Sponsors should also investigate the experience and sophistication of the providers in the PEP with respect to their experience working with the predecessor of PEPs, multiple employer plans (MEPs), says Tom Clark, partner and COO at The Wagner Law Group.

The next consideration that sponsors should weigh is the cost, Swallow says. While PEPs have been touted as being lower cost, some PEPs could actually be adding in additional services, he says.

“If [plan sponsors] learn they are paying more for a PEP, they need to determine if the services are worth it,” he says. For instance, a PEP handles all of the administrative functions of the retirement plan, such as loan and hardship withdrawal approvals and oversight, compliance testing, Form 5500 filings and the annual plan audit, Swallow says. This could be appealing to many sponsors that would prefer to focus on running their business rather than their retirement plan, he says.

Sponsors also need to realize that the cost of PEPs will vary, Swallow adds.

That said, Werner notes that in a PEP, the 3(16) plan administration is a given, whereas in a single-employer plan, this is an option for sponsors.

Werner says one positive aspect of PEPs is that by joining one, “you are essentially hiring experts to run all aspects of the plan. The expectations with that is there will be fewer mistakes.”

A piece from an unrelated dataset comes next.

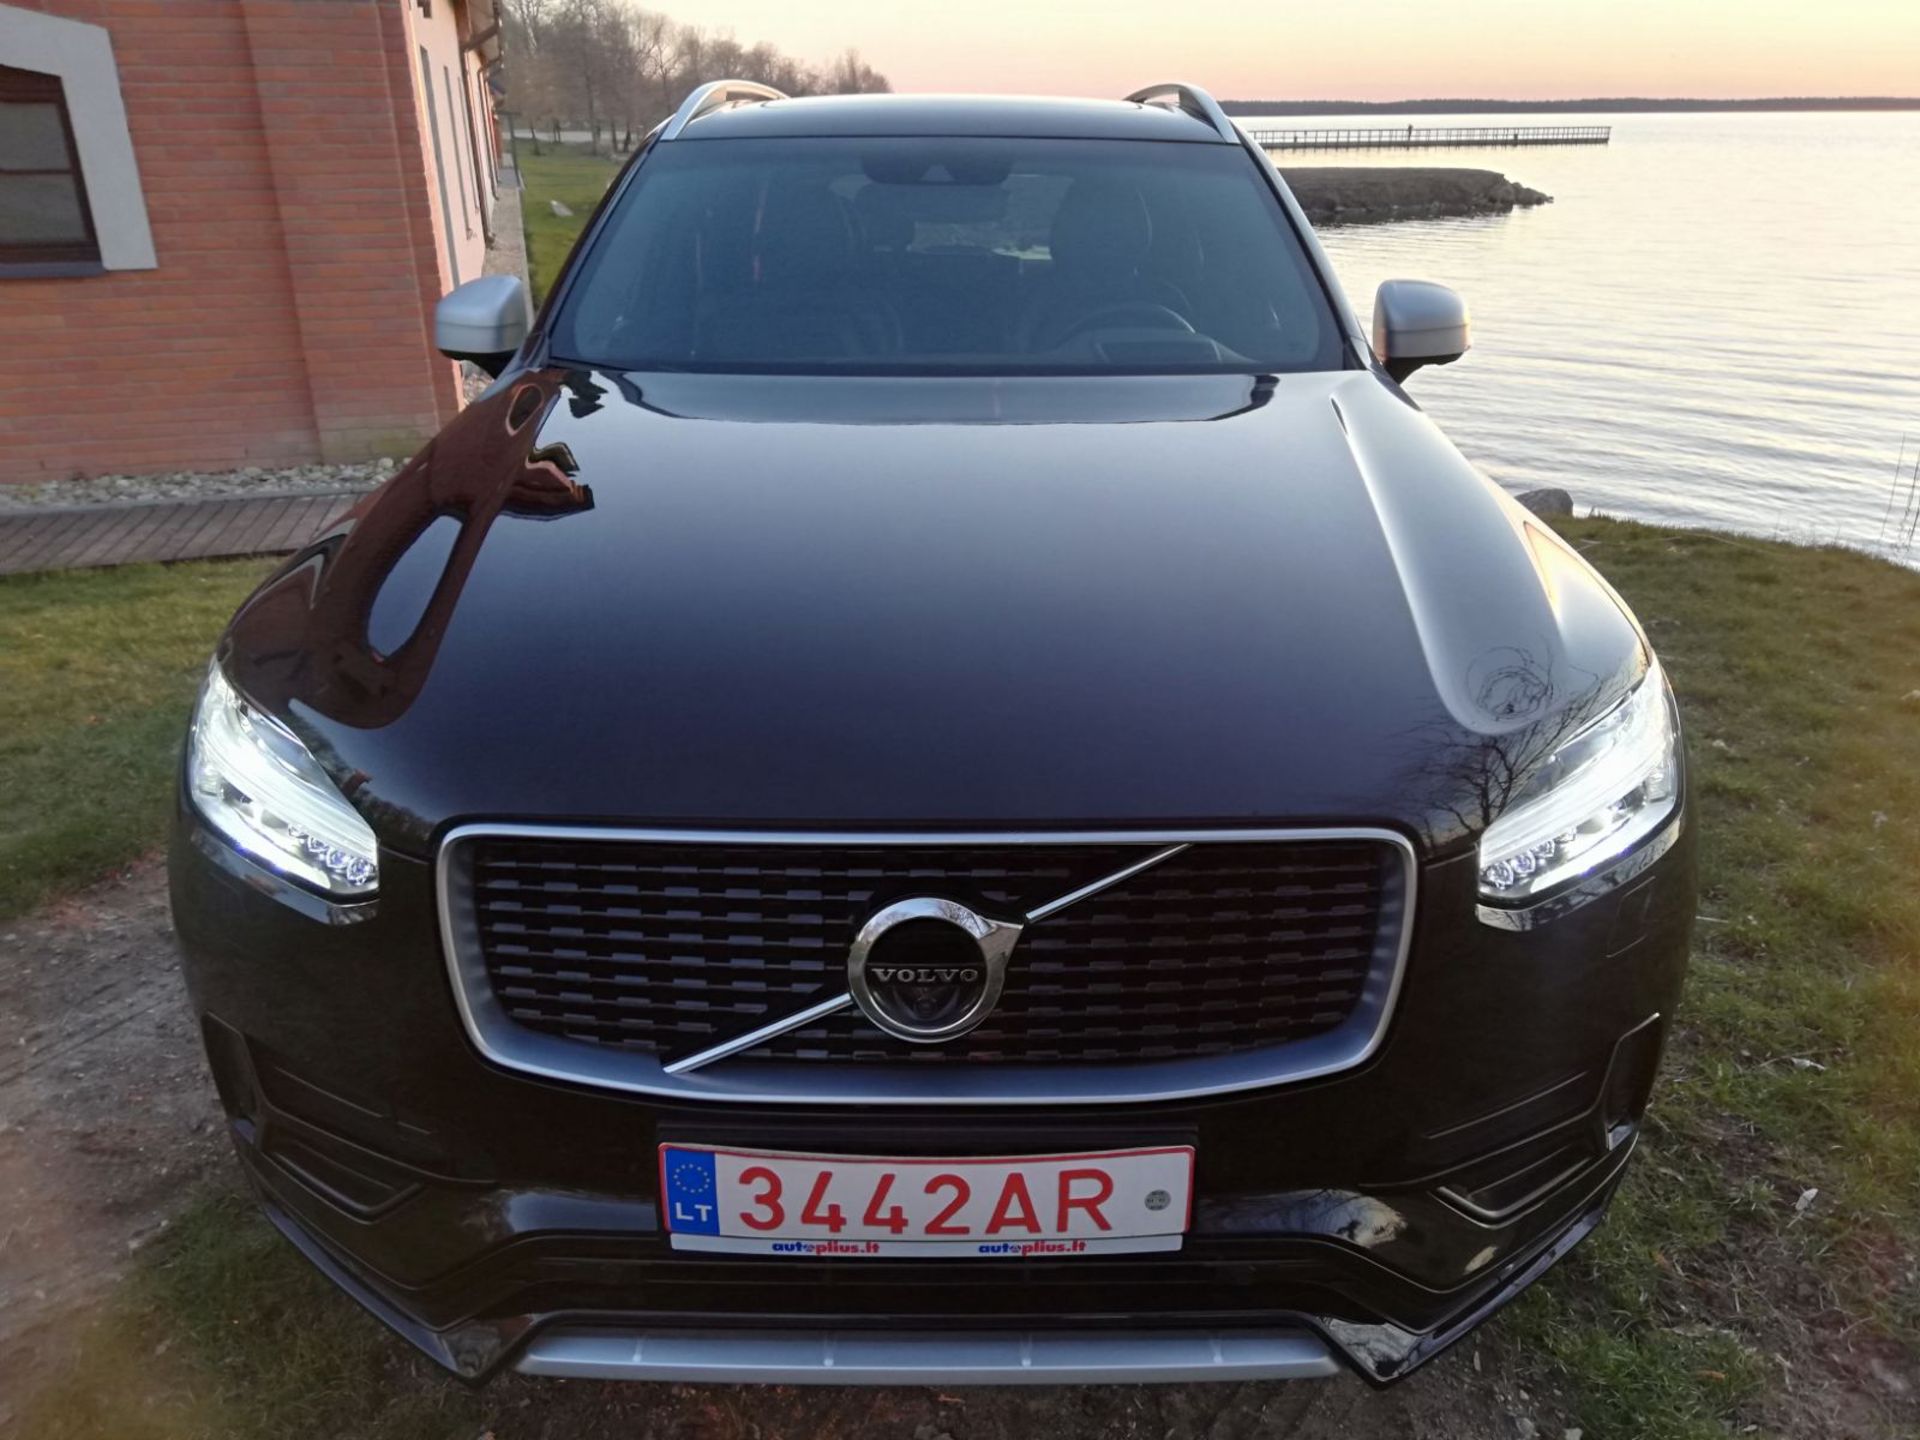 2017 VOLVO XC90 T6 AWD LEFT HAND DRIVE R-DESIGN 2.0L PETROL AUTOMATIC, 45,000 KM, DRIVES LIKE NEW - Image 7 of 20

Sponsors should also ask the PEP providers about the tools and technological investments they are making for the platform, Clark says. “What tools is the PEP offering to manage the client base?” he asks. “Is there a log-in where the sponsor can see the progress of all of the participants in their plan on one screen? There is something of an arms race on recordkeeping platforms, as each tries to outmaneuver the other. We are going to see that kind of technological innovation in PEPs in the future.”

Finally, it is important for a sponsor to select a PEP in which a TPA or retirement plan adviser specialist is running the PPP services, as they have the most experience working in this capacity, Compton says. “They will have a very strong understanding of 3(16), 3(21) and 3(38) fiduciary coverage and plan design.”